Original ecological docking Prometheus seamless docking InfluxDB without code modification, only need to modify the configuration of long-term data storage InfluxDB through Remote Storage long-term storage Prometheus data InfluxDB remote storage can achieve "write more than one read" query mode, multiple prometheus docking to the same influxDB, allowing joint query of multiple Prometheus, achieving data "global" query high availability and high reliability InfluxDB high availability cloud disk for Prometheus to provide high availability storage function InfluxDB to achieve high reliability of Prometheus data Effectively prevent data loss Ali Cloud Prometheus makes full use of the ability of Ali Cloud InfluxDB to enhance the ability of Ali Cloud Prometheus to achieve long-term data storage, high availability and high reliability, and at the same time achieve "global" query of data. Summarize Aliyun time series spatio-temporal database TSDB series products, focusing on the Internet of things, monitoring APM, traffic travel, car networking, logistics and other industries, committed to creating a cloud-side integrated time series spatio-temporal database. Developers and enterprise customers are welcome to use it and give us valuable suggestions. Author: Roin123 original link this article is the original content of Yunqi community and may not be reproduced without permission.
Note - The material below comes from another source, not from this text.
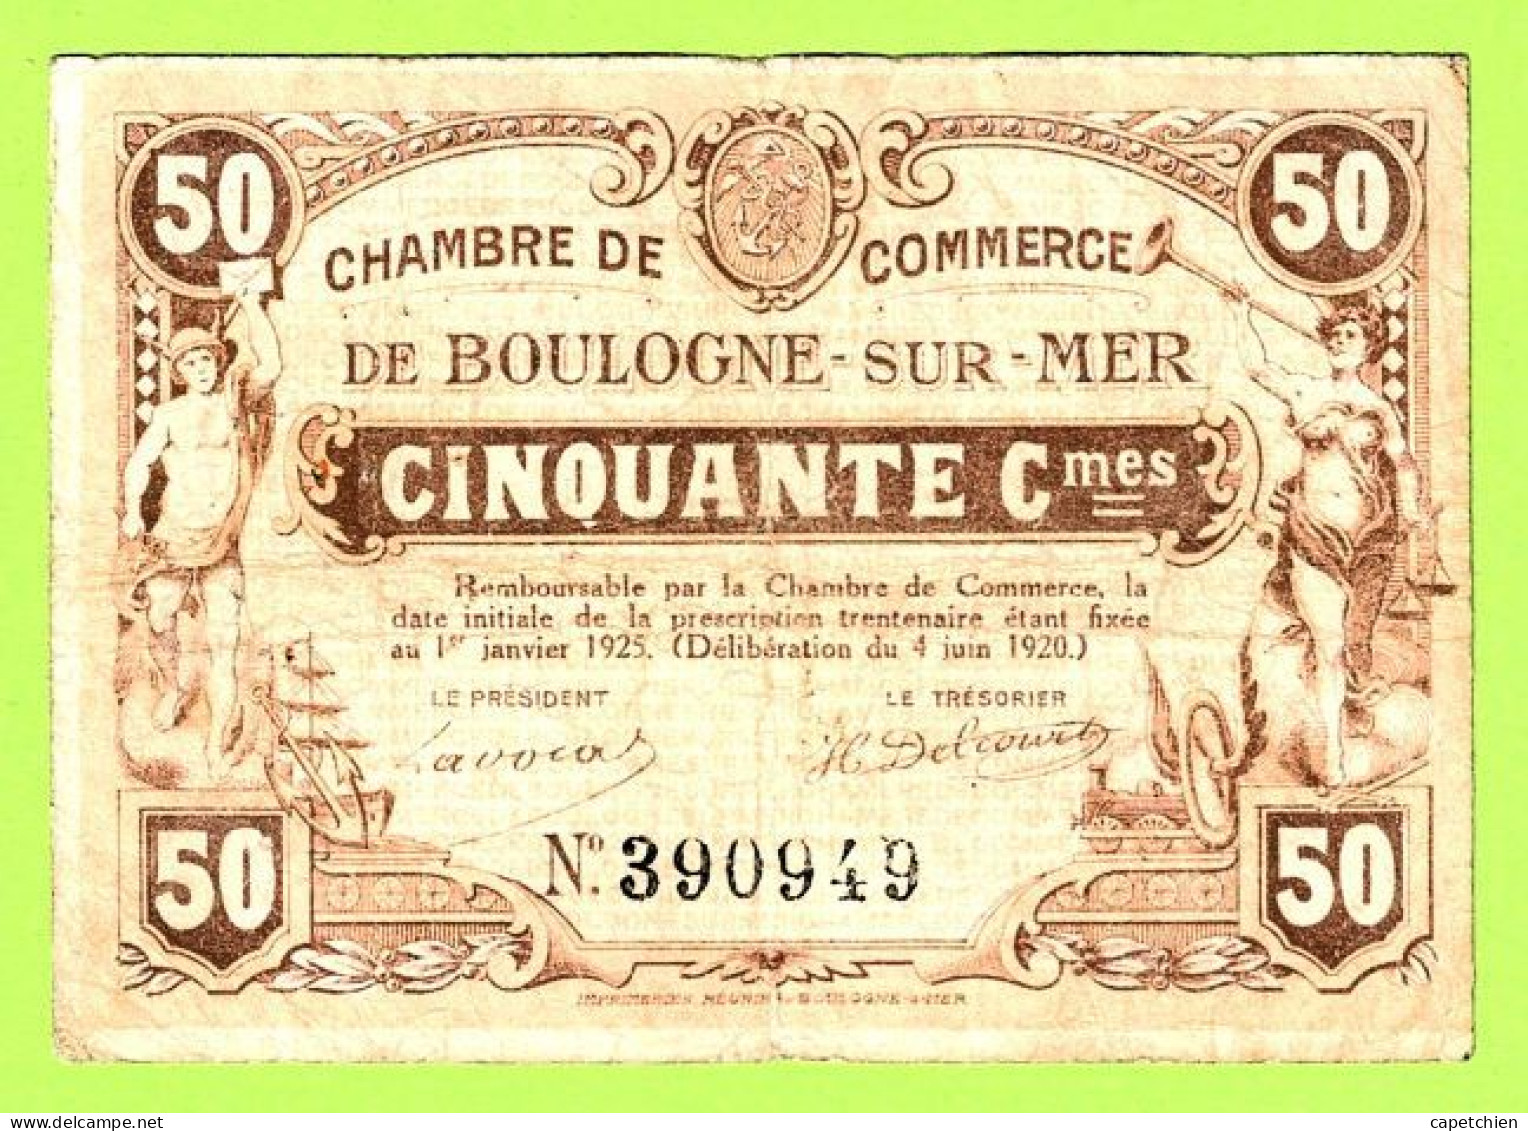 FRANCE / CHAMBRE De COMMERCE : BOULOGNE SUR MER / 50 CENTIMES / 4 UIN 1920  / N° 390949 - Handelskammer

Welcome to subscribe "Shulou Technology Information " to get latest news, interesting things and hot topics in the IT industry, and controls the hottest and latest Internet news, technology news and IT industry trends.

*The comments in the above article only represent the author's personal views and do not represent the views and positions of this website. If you have more insights, please feel free to contribute and share.